I was the photo editor that picked the New Yorker photo Monday night, with no conspiracy in mind. Basically, it was a split between a direct image of the cover, or an image with the newsstand which offered a little more context. The original photo was also a square shape, and I asked the designer to make it a more pleasant looking horizontal. I didn’t think it obstructs from the main focus of the NYer cover.”

Larry Coyne, our director of photographer, examined the image in question and reports:

The AFP photo was taken at a newsstand, and the content in the fireplace is obscured by what looks like a piece of metal that wraps around the stack of magazines on the shelf (attached is the original file that I blew up that detail). The content doesn’t appear altered to me.”

The sentence deleted from the text was edited out by the copy desk to make the item fit. One could argue that a longer story was warranted. But once the decision was made to include the item in the political digest, it needed to be edited to just a few paragraphs. (Four paragraphs is a very long brief.)

All in all, I think the photo and item fully conveyed the controversy over the satirical magazine cover.

Here’s a Washington Post piece on the controversy.

6 comments

Comments are closed.

He is right about the metal, but it is clear that Getty Images intentionally obsured the photo as to not show the full image. If one did not see the original photo, I could see how you wouldn’t know the difference. It’s kind of funny how the PD also eliminated the words, but I am sure that might have been a case of the right hand not knowing what the left hand was doing. Perhaps the copy editor thought it was going to show in the picture used by the editor and the words then would obviously have been redundant.

A better job of overall editing would have caught the error.

— A CENTRIST
9:04 pm July 15th, 2008

Given that this particular piece of “satire” has been given as much press and media coverage as it has, the point is moot.

I would be more interested in the fallout for the New Yorker — ie how many of their readership took issue with it and are now cancelling their subscriptions. That might be a story worth following up.

— RHarnack
3:16 pm July 16th, 2008

RH - yeah, it’s kind of funny how the lefties who read The New Yorker don’t think comedy is so funny when the tables are turned. The GOP is just used to it. What thin skin they have now.

— A CENTRIST
7:56 pm July 16th, 2008

From the looks of it, only a dromedary.

— EJ Rotert
8:49 pm July 16th, 2008

A Centrist,

There’s a difference between comedy (ref., the Onion) and overt intent to disperse knowingly false information for character assassination. In the biz, knowingly putting out false information for this purpose is called LIBEL (ref. journalism law). I don’t care what the bigs at the New Yorker say. That cartoon was not intended as satire. They’re CTOAs.

— EJ Rotert
9:01 pm July 16th, 2008

Centrist, I suppose you think there is some sort of equivalency between the Obama cover and the post Katrina cover depicting the Bush Cabinet room flooded. There might have been equivalency if Bush and Cheney were depicted wearing KKK Hoods or some such obscenity.
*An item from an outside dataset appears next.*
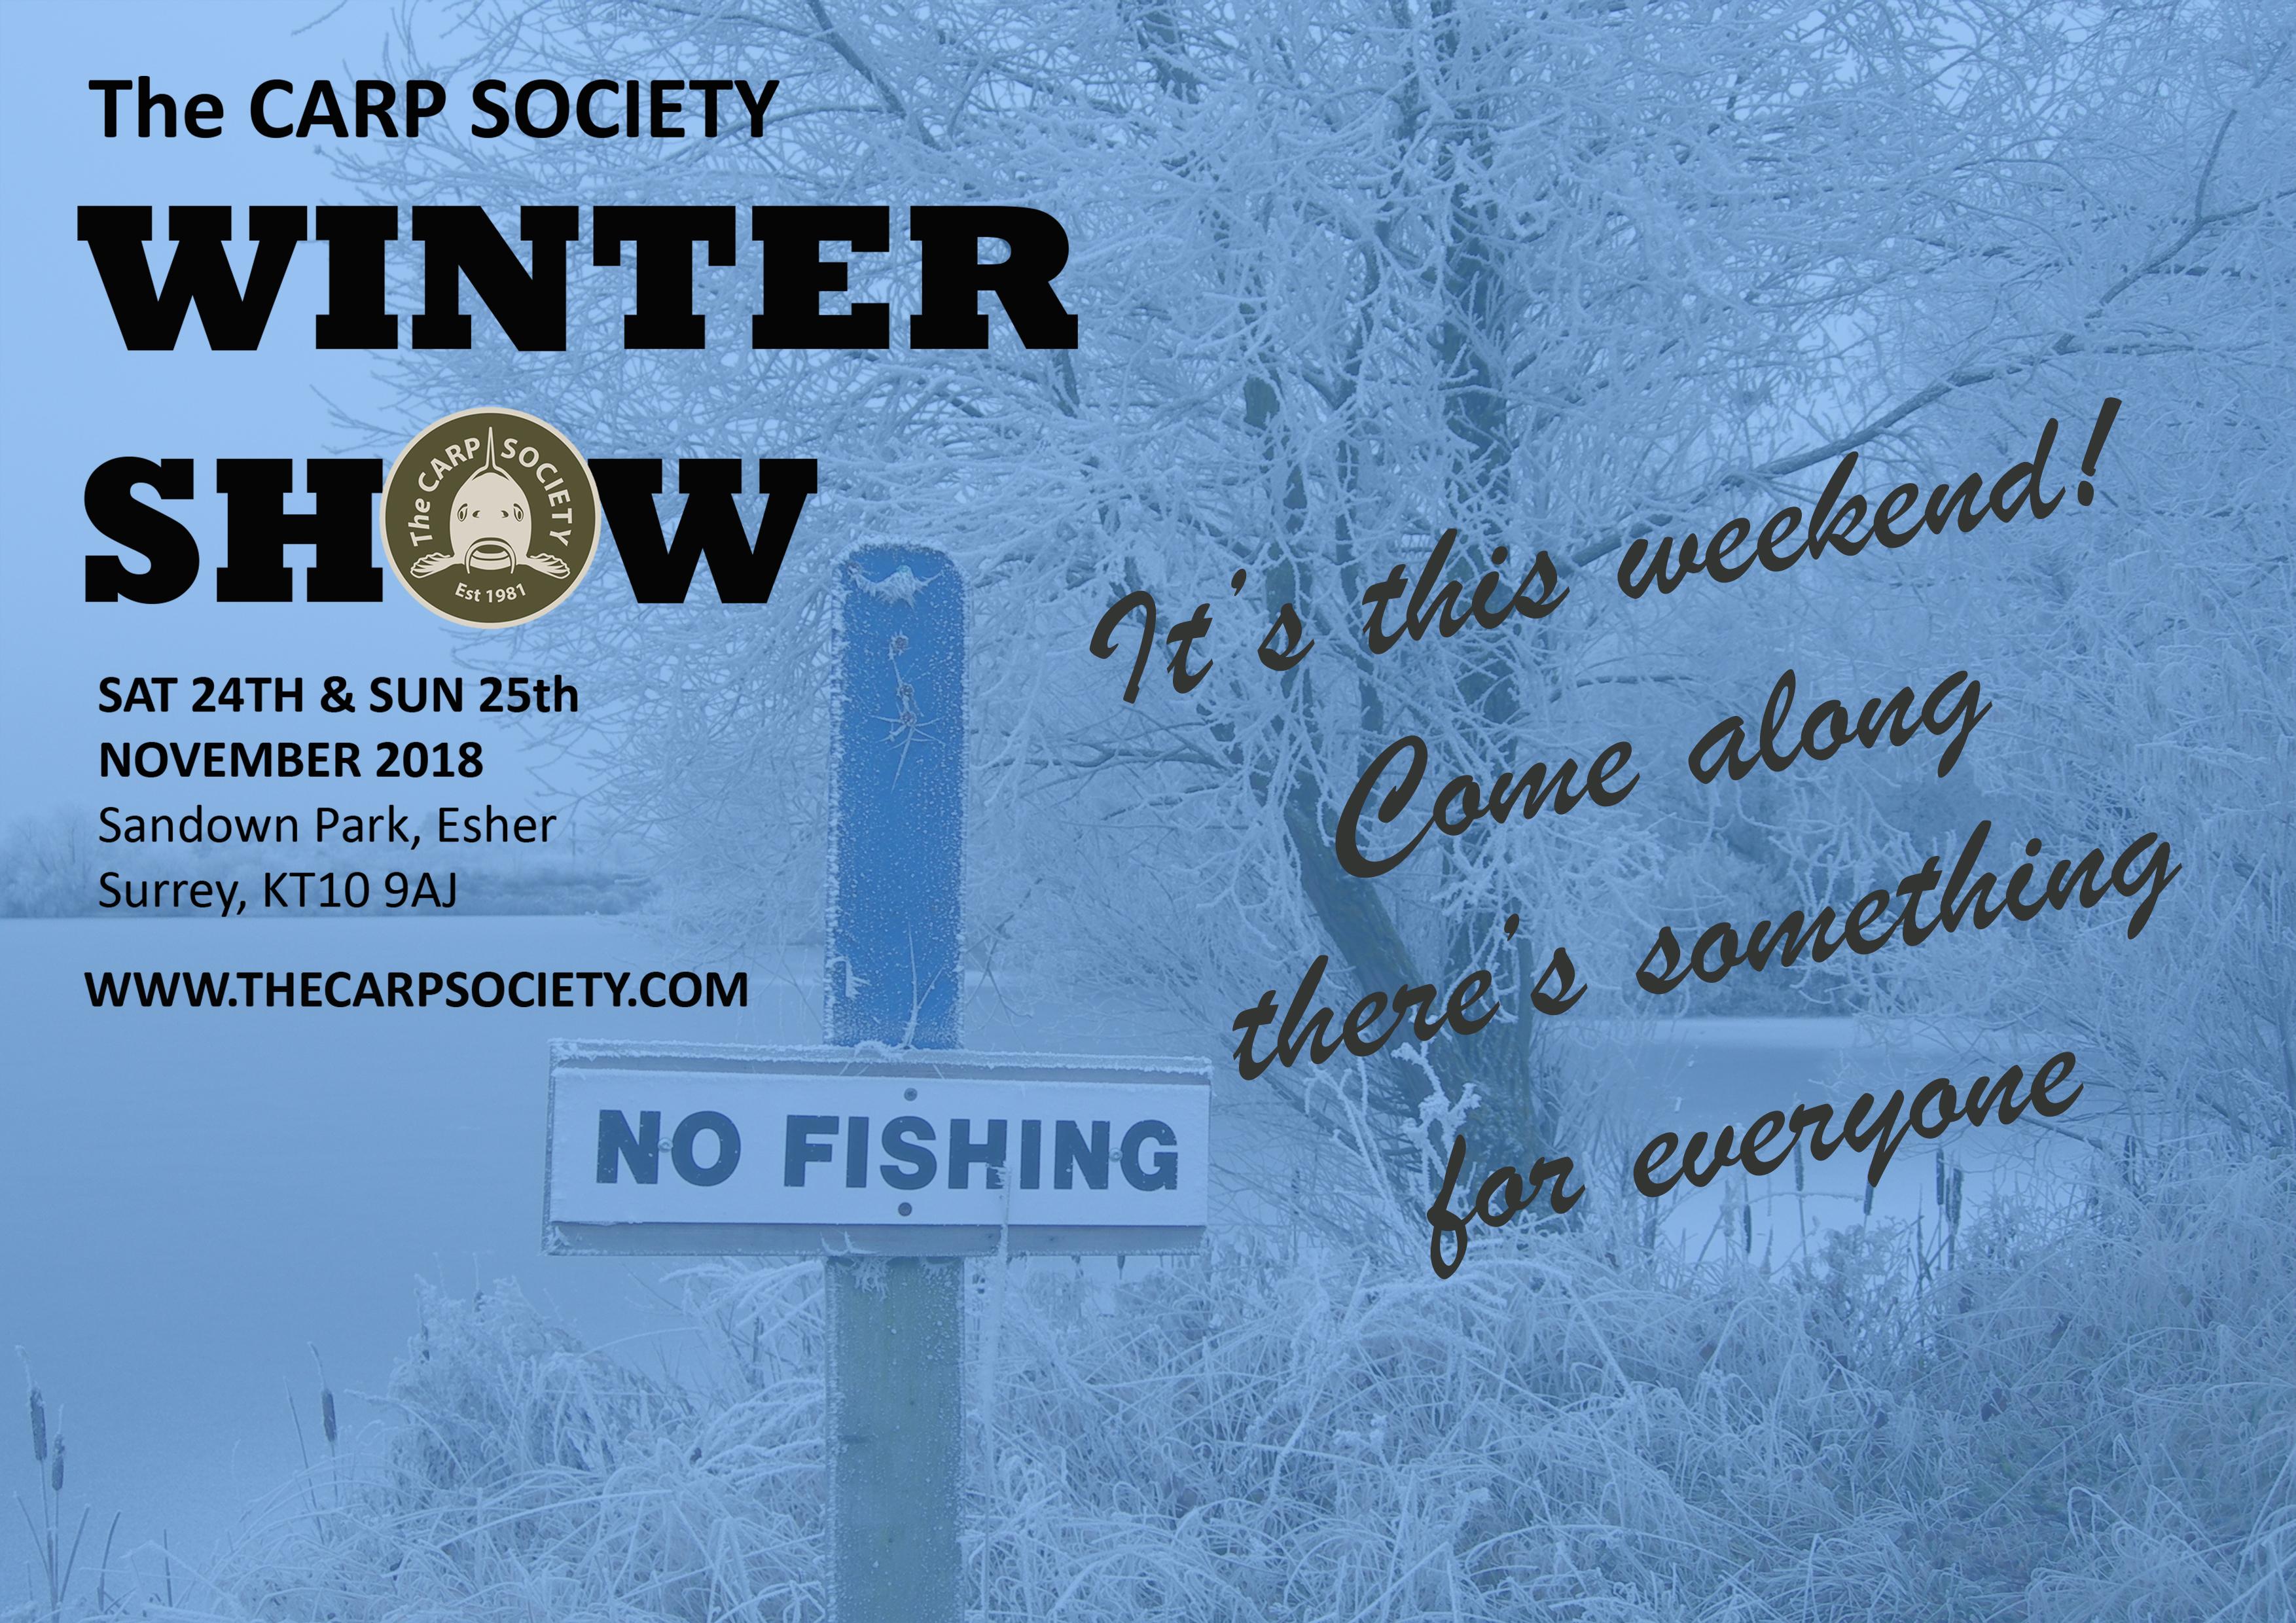 CARP SOCIETY WINTER SHOW 2018

However, as a general principle, I feel such “satire” as the Obama cover, regardless of orientation, is unprincipled character assassination hiding behind the thin veil of “humor”. Context is everything I guess when it comes to such tripe as the New Yorker purveyed with the cover — imagine the uproar if this cartoon had appeared on the cover of some “white power” magazine.

No, for me it is not a matter of being thin skinned, it is a matter of a poorly thought out and executed cover conveying the host of lies spread about Senator Obama on a national magazine for “New Yorkers”.